Head to the Anaconda website for instructions to download and run a Miniconda installer.

After installing git and miniconda, close any terminal windows you have open and continue to STEP 2.

Linux server users

If you would like to run Snakespeare on a work or lab server, check with your supervisor or sysadmin to see if git and conda are installed already. If so, continue to STEP 2.

Otherwise, if you need to install software (and have permission to do so), follow the instructions below.

Installing Miniconda on a Linux Server

To install miniconda from the command line:

wget https://repo.continuum.io/miniconda/Miniconda3-latest-Linux-x86_64.sh
bash Miniconda3-latest-Linux-x86_64.sh

The installer will ask you some questions to complete installation. Review and accept the license, accept or change home location, and answer yes to placing it in your path.

To finish configuring miniconda:

source $HOME/.bashrc

Note: If your home folder is not writable on your server, conda will crash. If you experience this issue, run these commands to tell conda to store the environment in the current folder.

conda config --add envs_dirs ./.conda/envs
conda config --add pkgs_dirs ./.conda/pkgs

Installing Git on a Linux Server

To install git:

conda install git

STEP 2: Clone the repository

Open a new terminal window and navigate to where you want to download Snakespeare.

If you are not sure, I recommend you copy and paste these commands to make a new directory called GitHub_repos, then "change directory" into the folder:

mkdir GitHub_repos
cd GitHub_repos

Copy and paste these commands to clone this repository and then "change directory" into the folder.

git clone https://github.com/lisakmalins/Snakespeare.git
cd Snakespeare

STEP 3: Build and activate the conda environment

When you build the conda environment, Conda obtains all the software listed in environment.yaml.

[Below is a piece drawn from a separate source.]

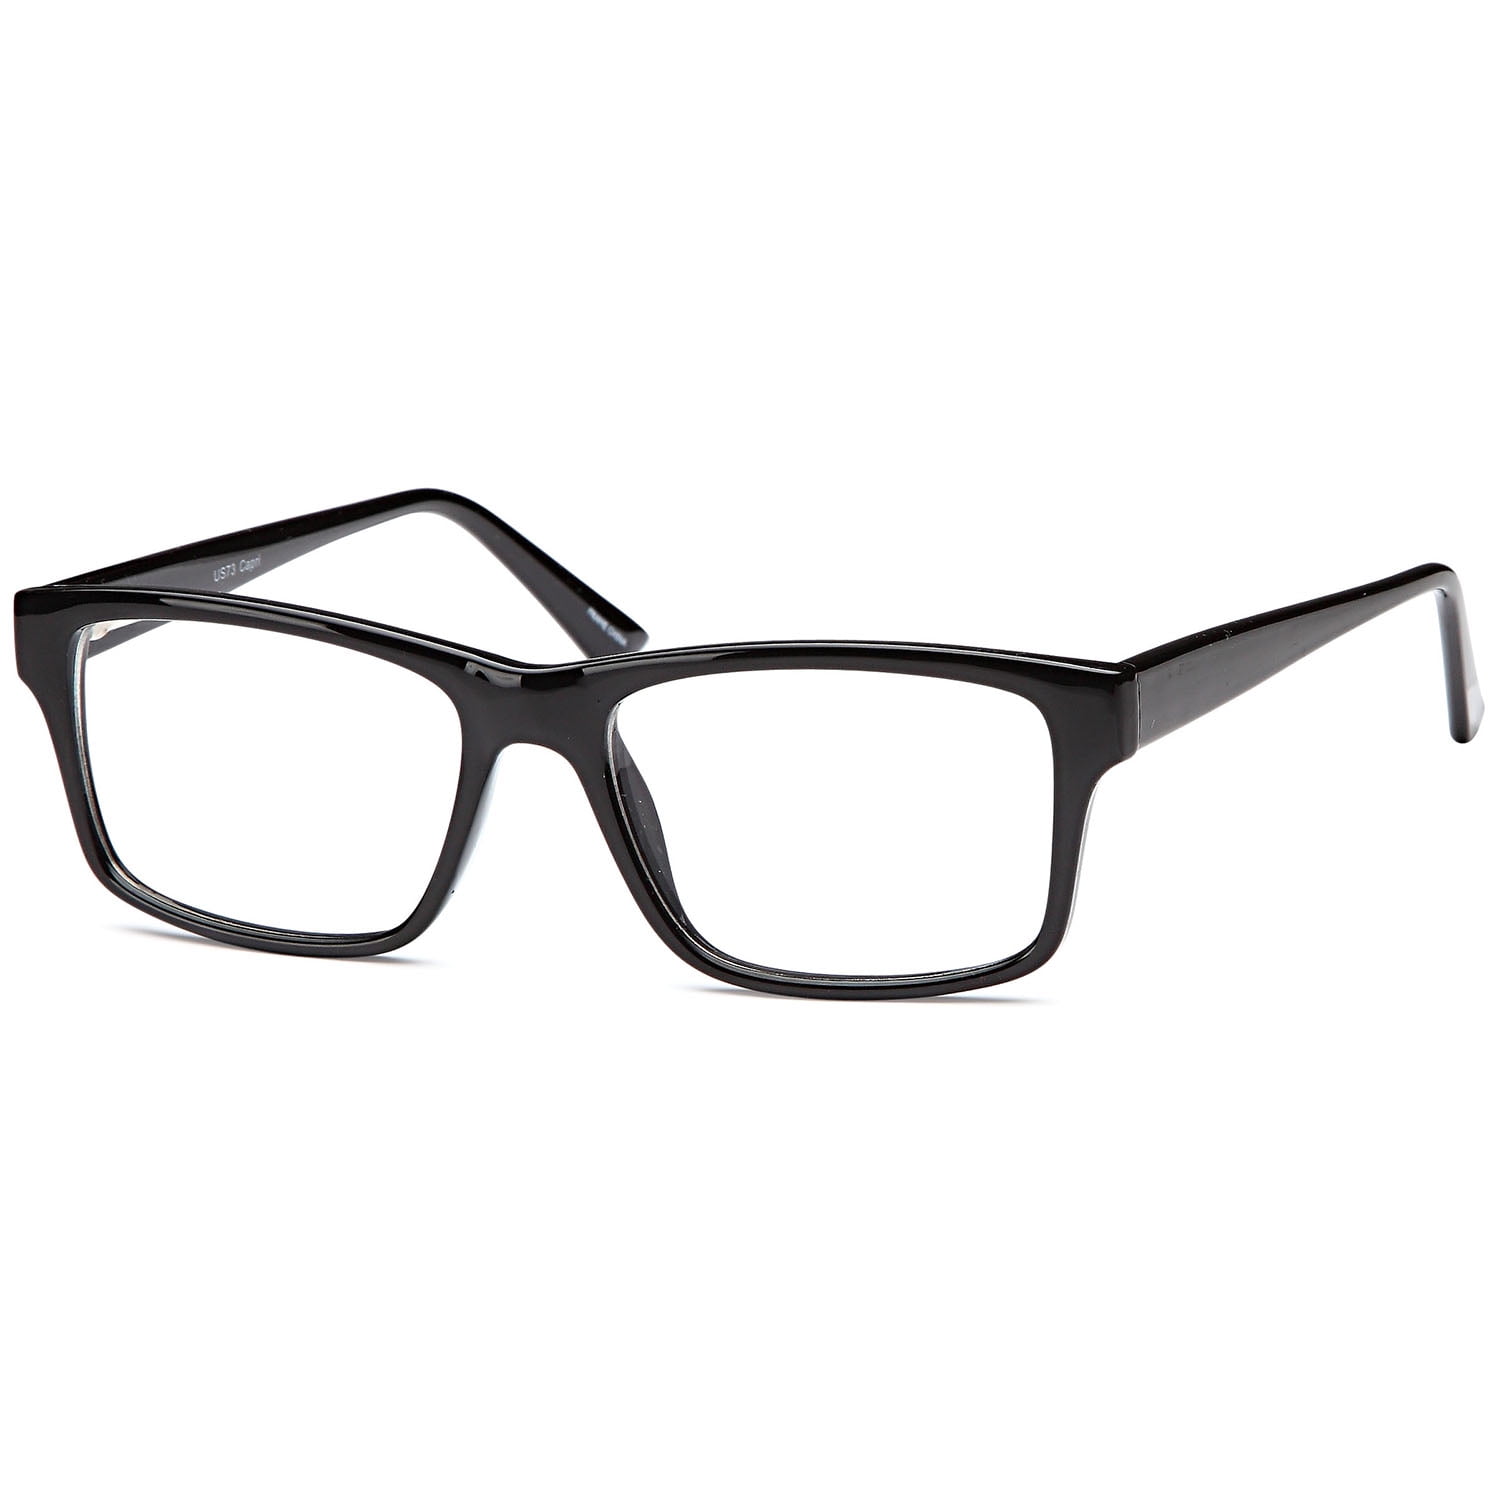 Men S Eyeglasses 53 18 145 Black Plastic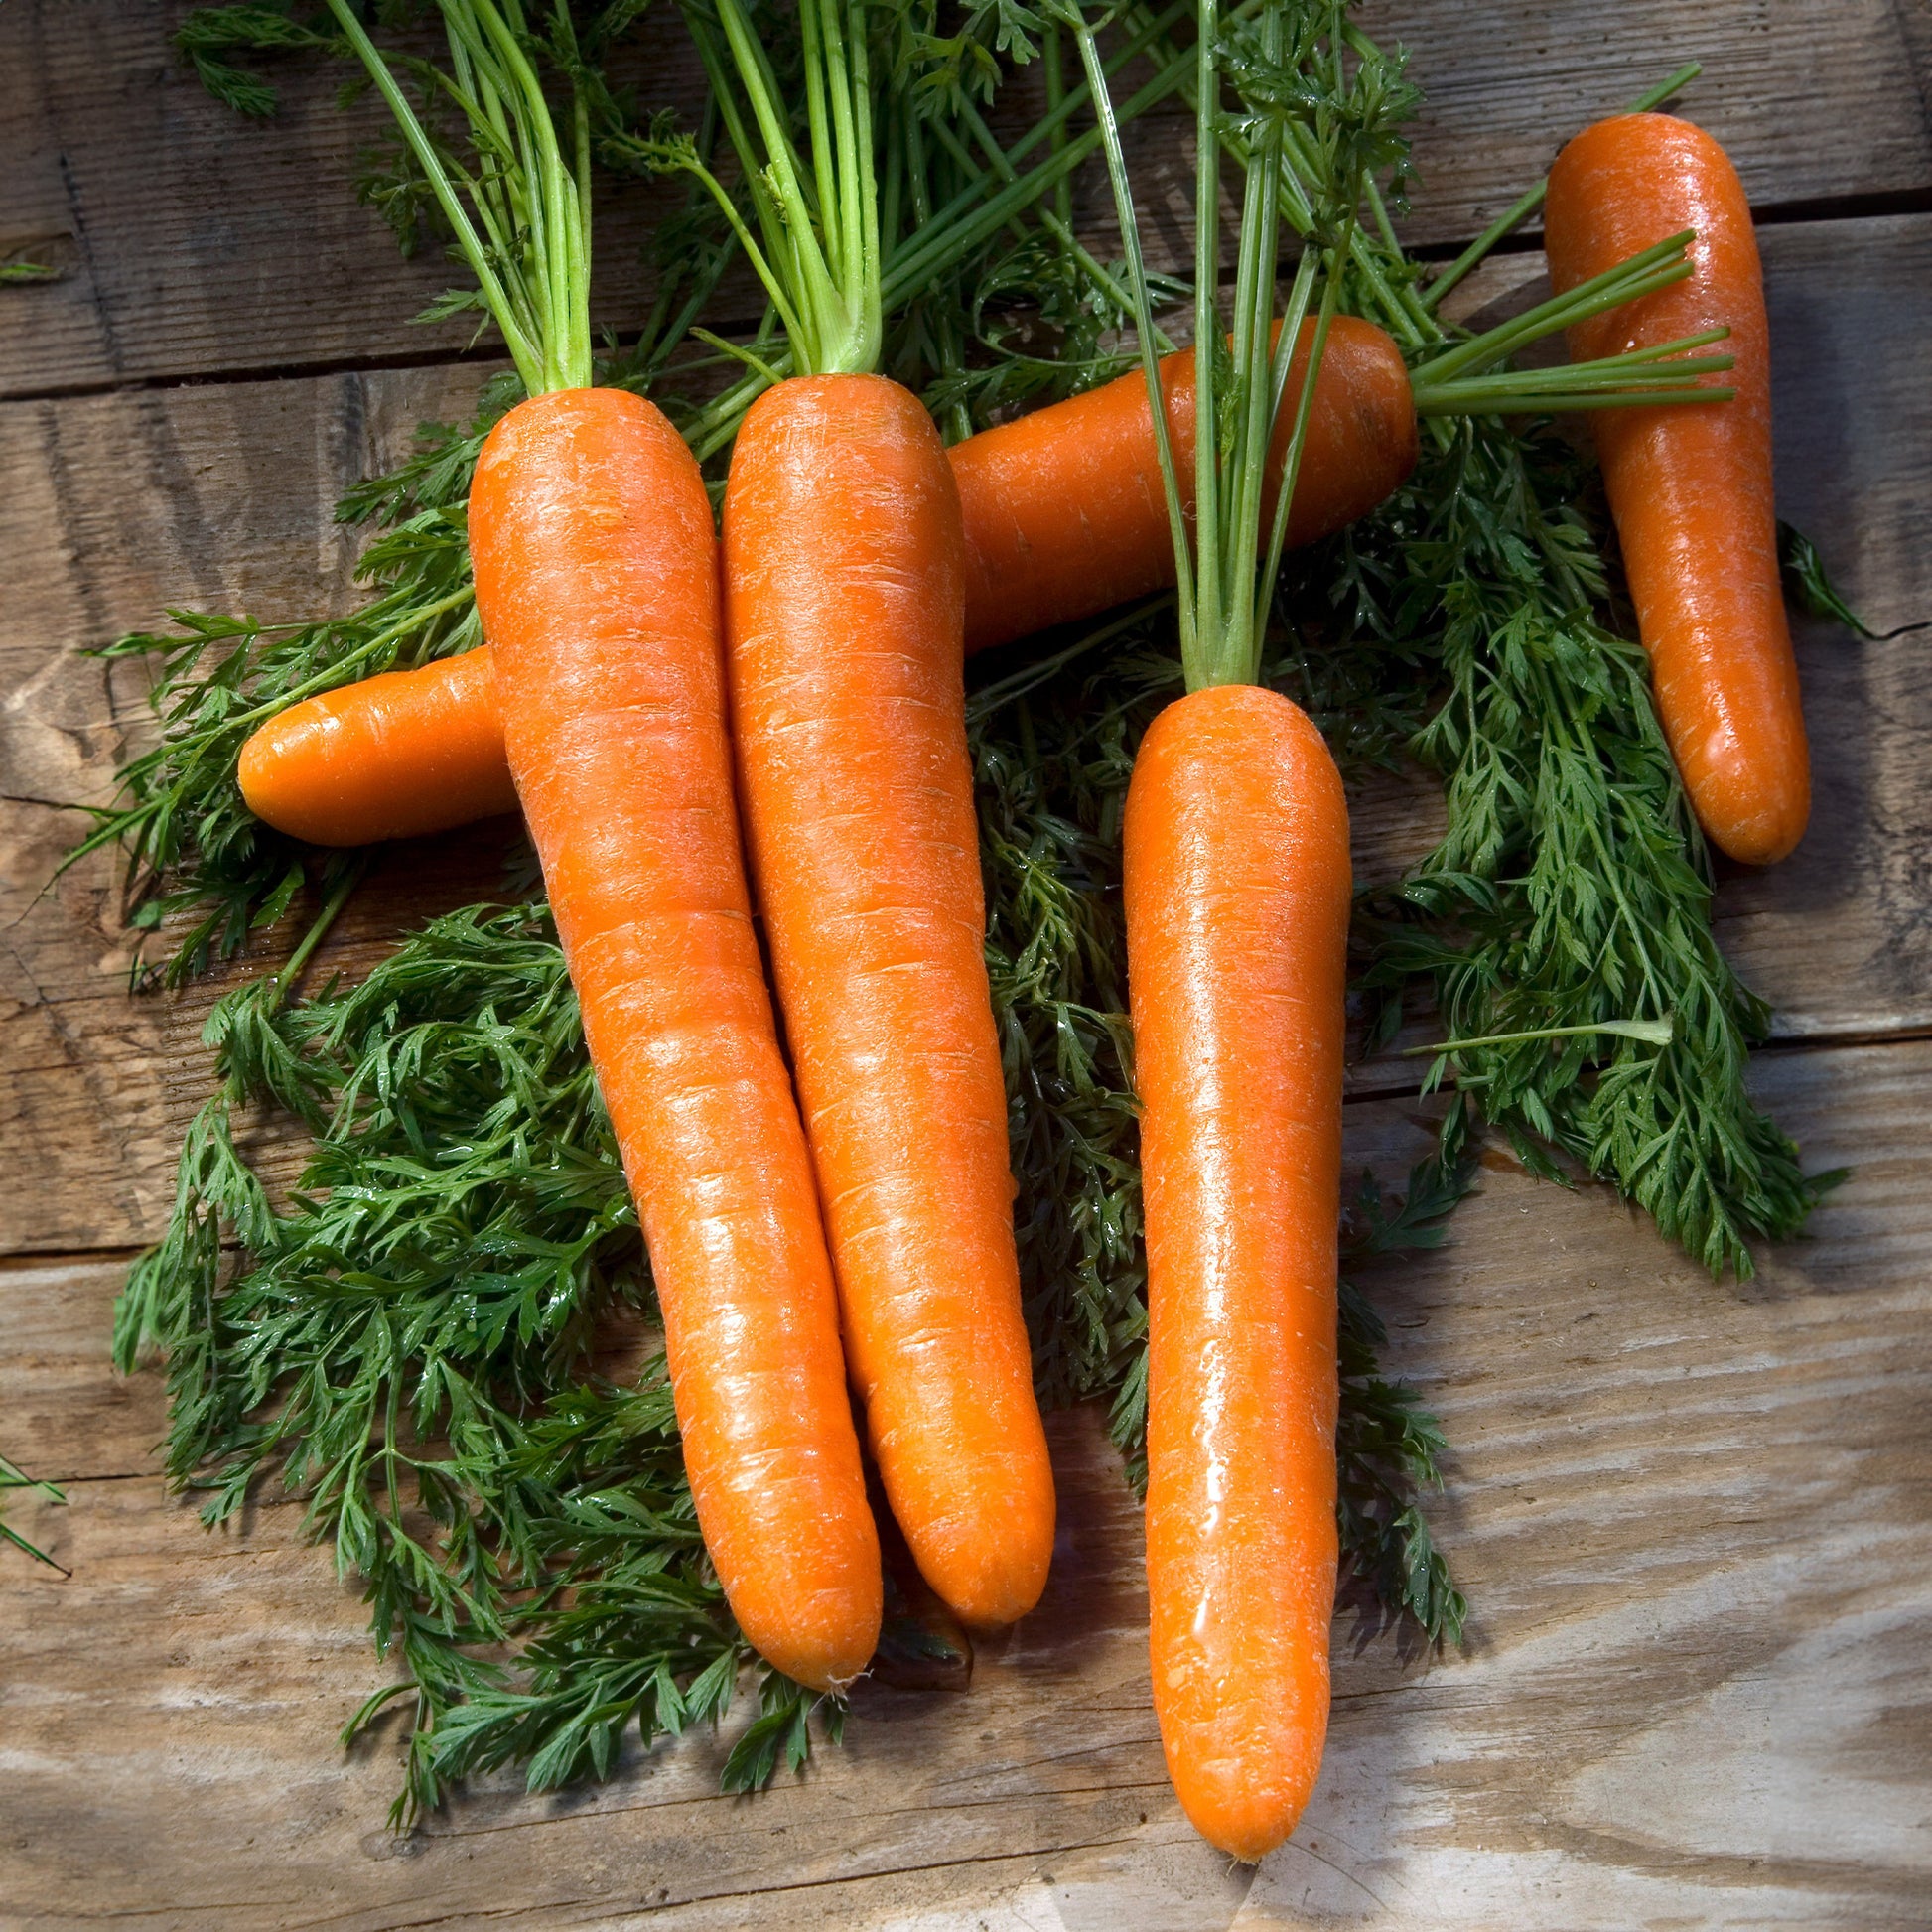 Wortel 'Lange gladde van Meaux' - Daucus carota longue lisse de meaux (30 g) - Zaden

You only need to do this step once.

conda env create -f environment.yaml

Finally, you will need to activate the environment. The environment is named "snakespeare," and the software will only be accessible while the environment is active.

conda activate snakespeare

Note: for older versions of Anaconda, you may need to use the command source activate snakespeare instead.

When you want to deactivate the environment later, you can do so with the command conda deactivate.

STEP 4: Run Snakespeare

Run the snakemake workflow like this:

snakemake

That's it! The workflow should finish within a few seconds. The output plot showing all dialogue statistics will appear in the folder Snakespeare/data/plots/.